Start of DATASET

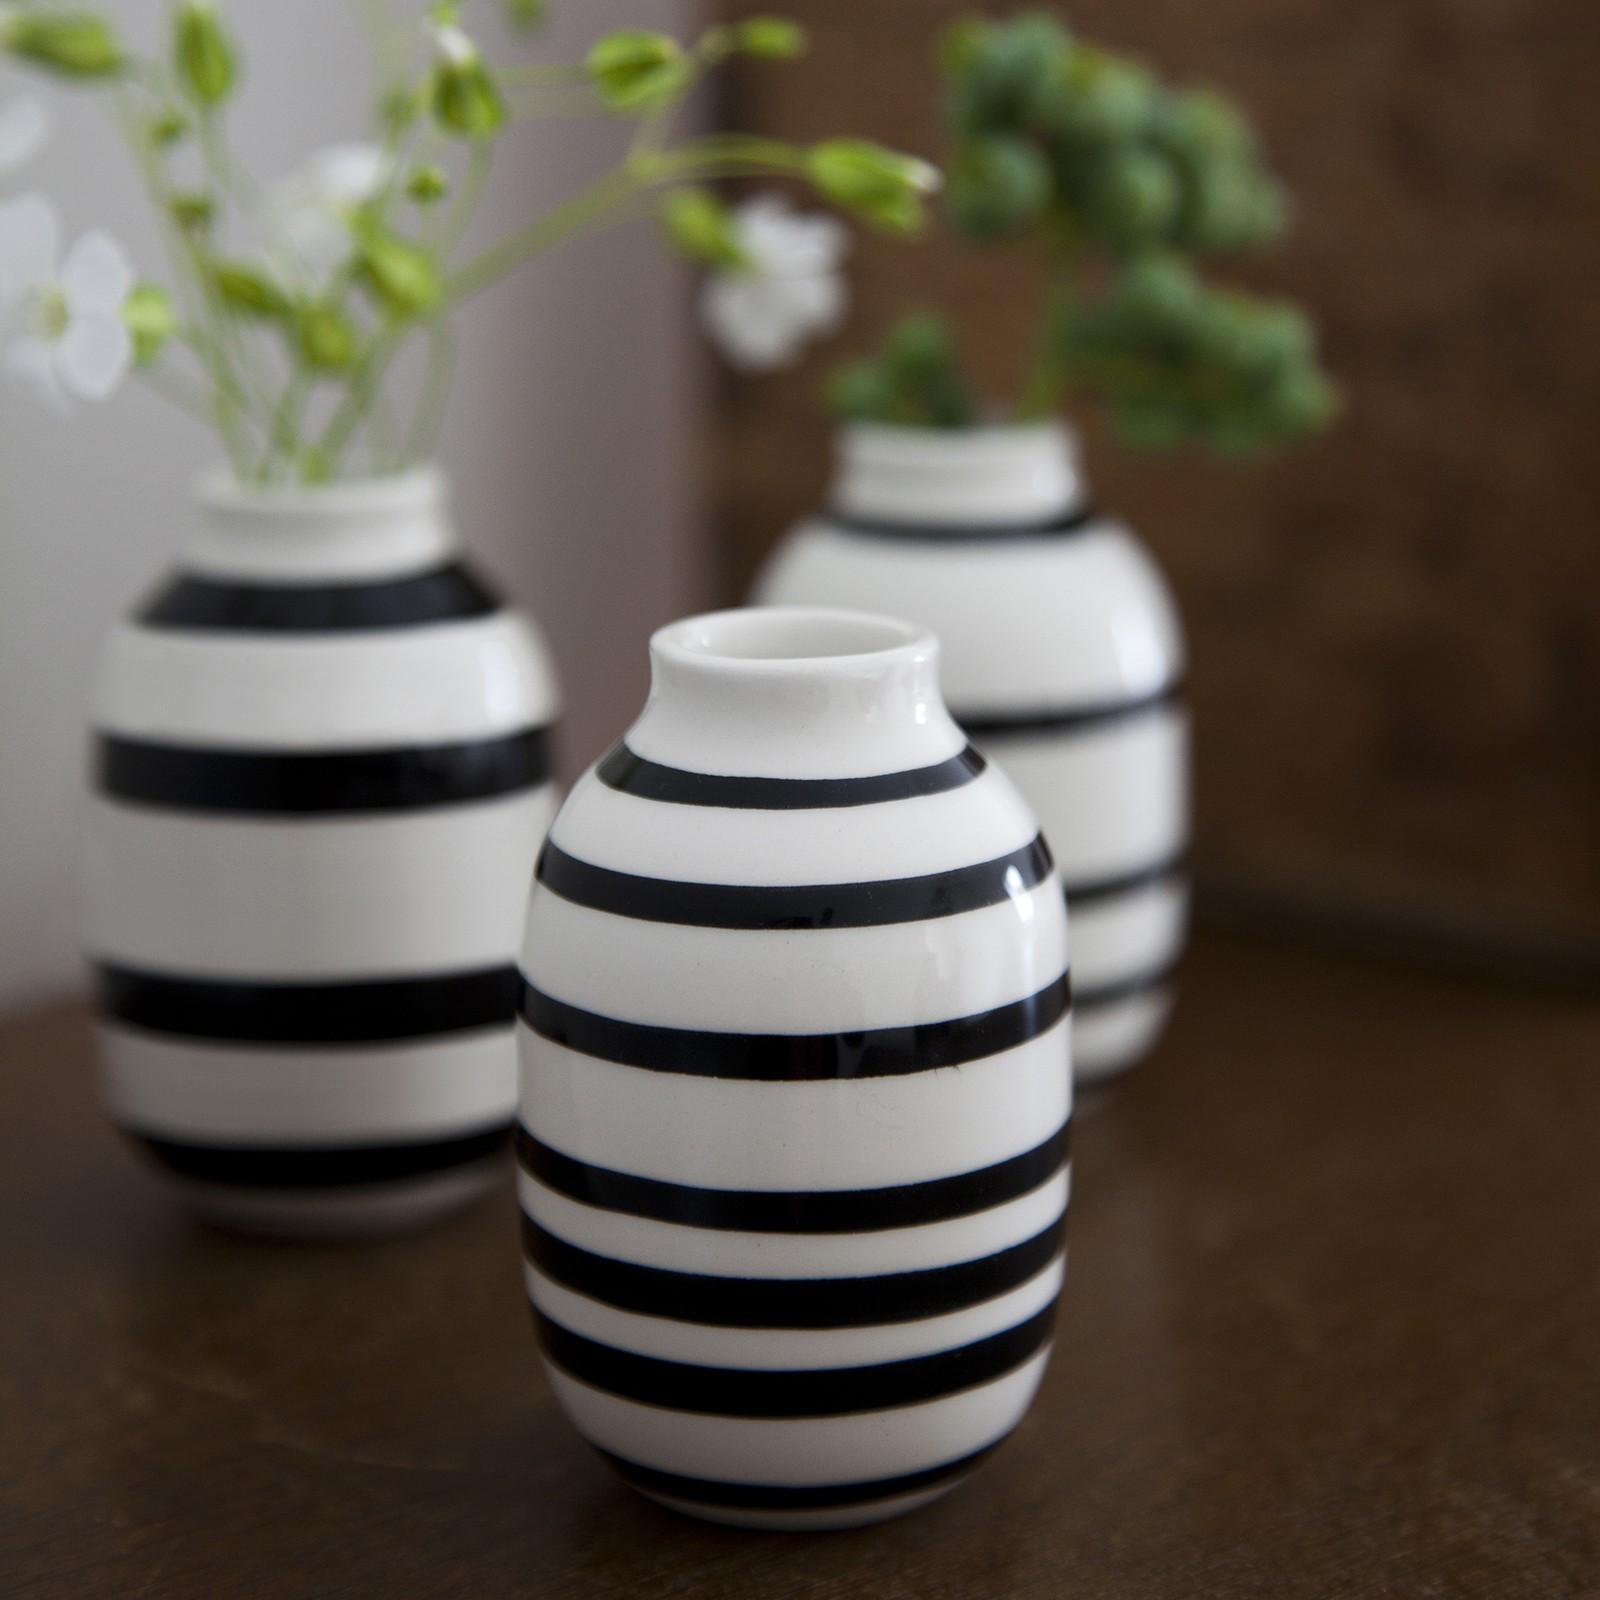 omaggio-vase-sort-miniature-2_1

End of DATASET
Start of DATASET

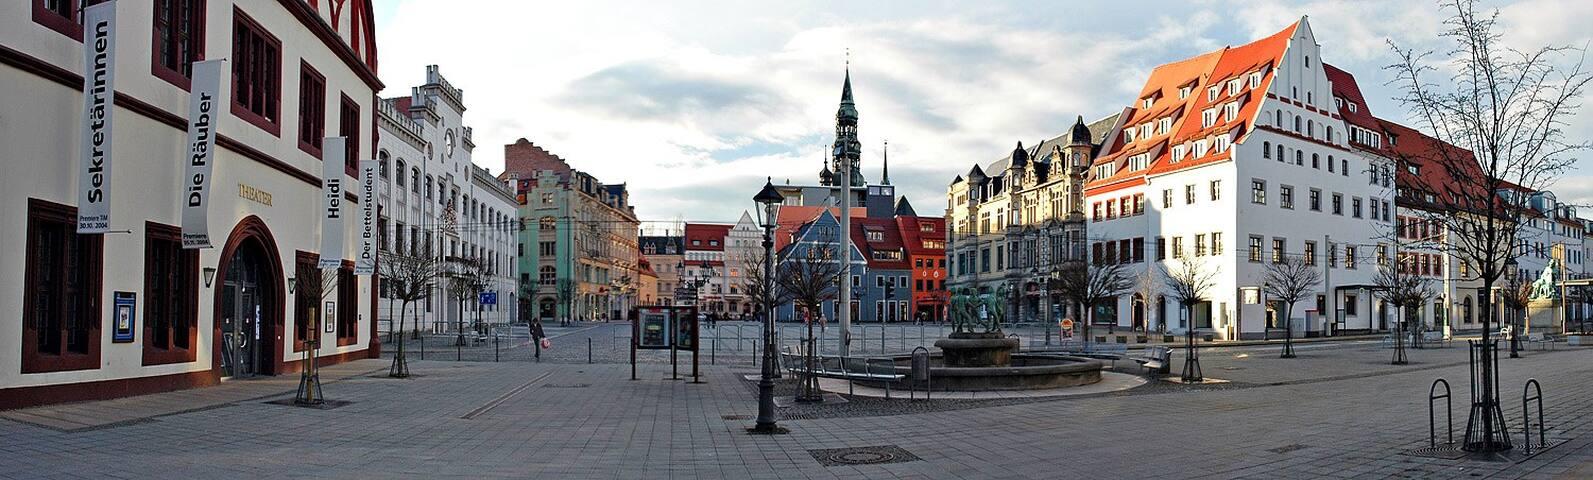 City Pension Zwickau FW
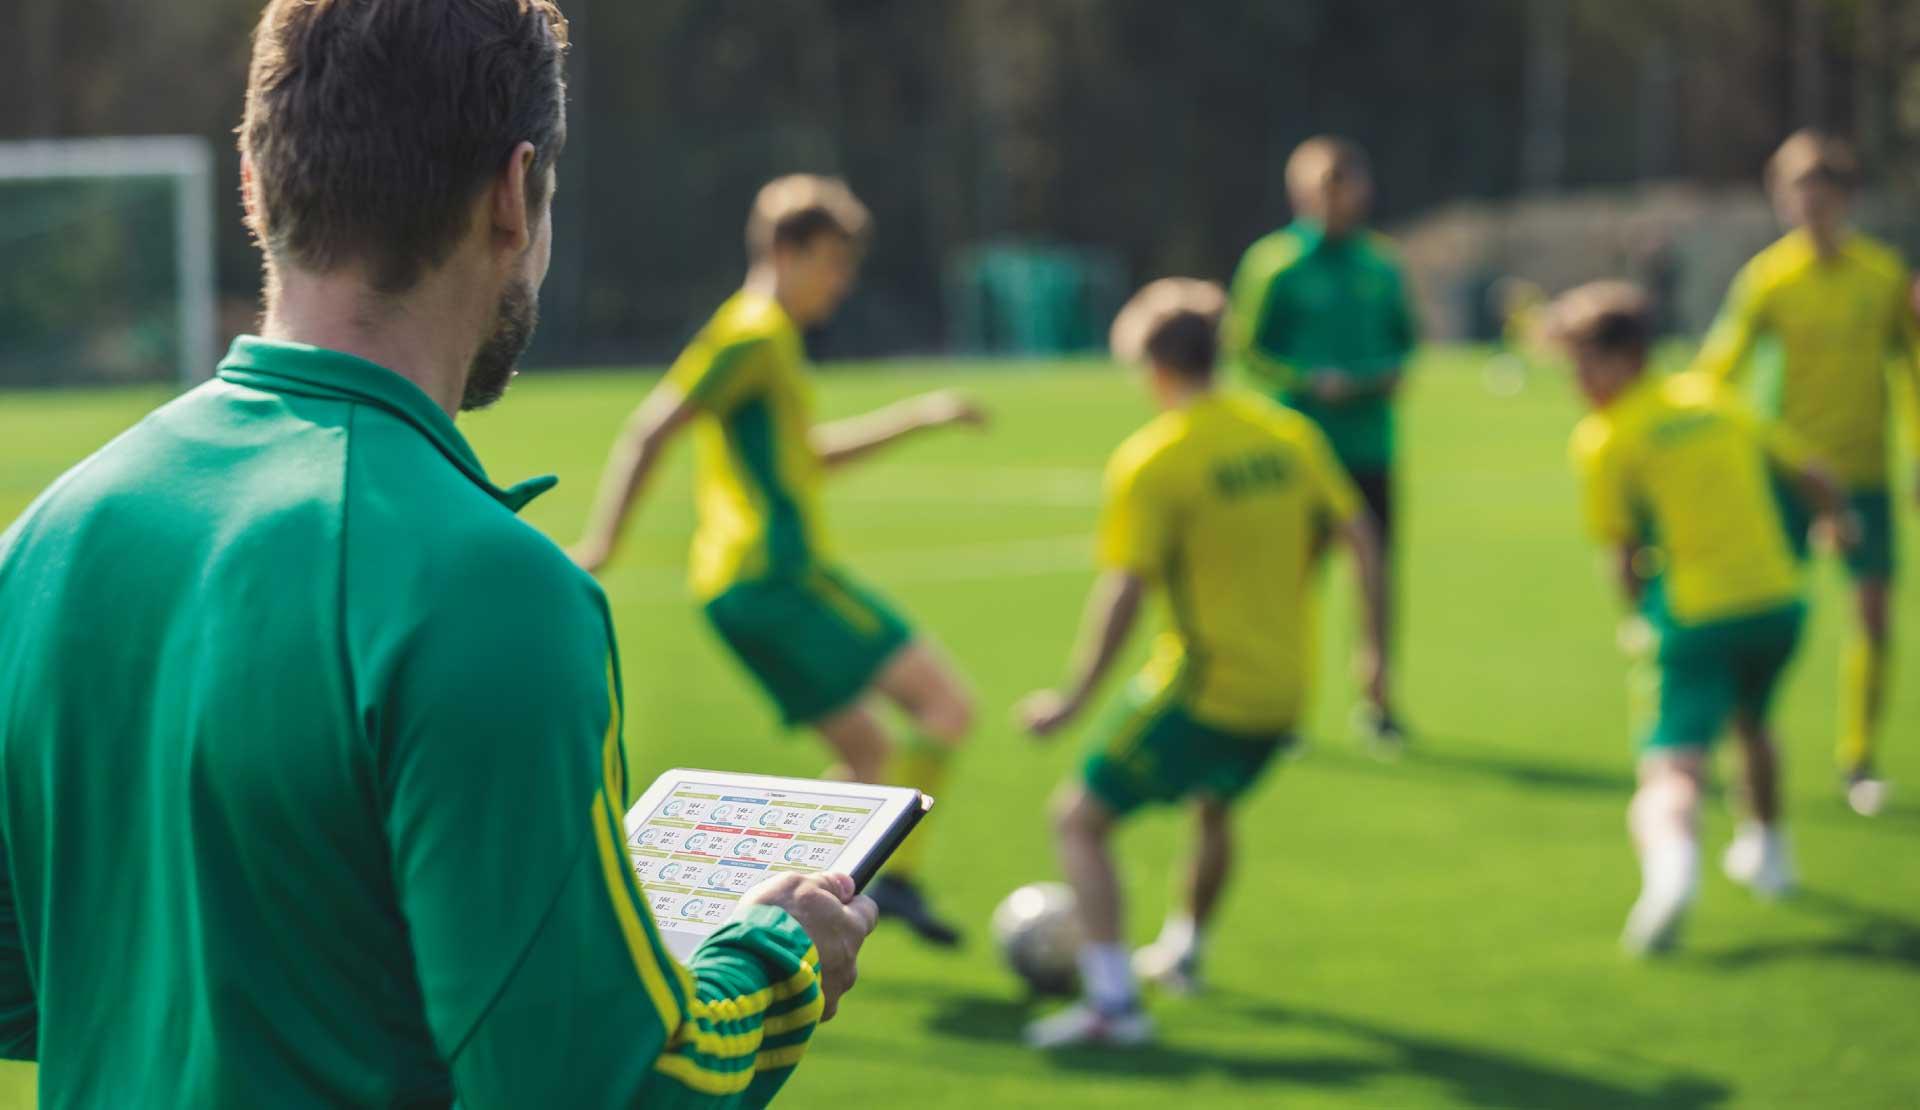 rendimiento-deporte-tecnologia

End of DATASET

> WHAT TO DO
Return exactly the stretch above whose first line contains "City Pension Zwickau FW" and whose last line contains "rendimiento-deporte-tecnologia", and nothing outside it. The pictures should not appear.

> WRITTEN SOLUTION
 City Pension Zwickau FW
 rendimiento-deporte-tecnologia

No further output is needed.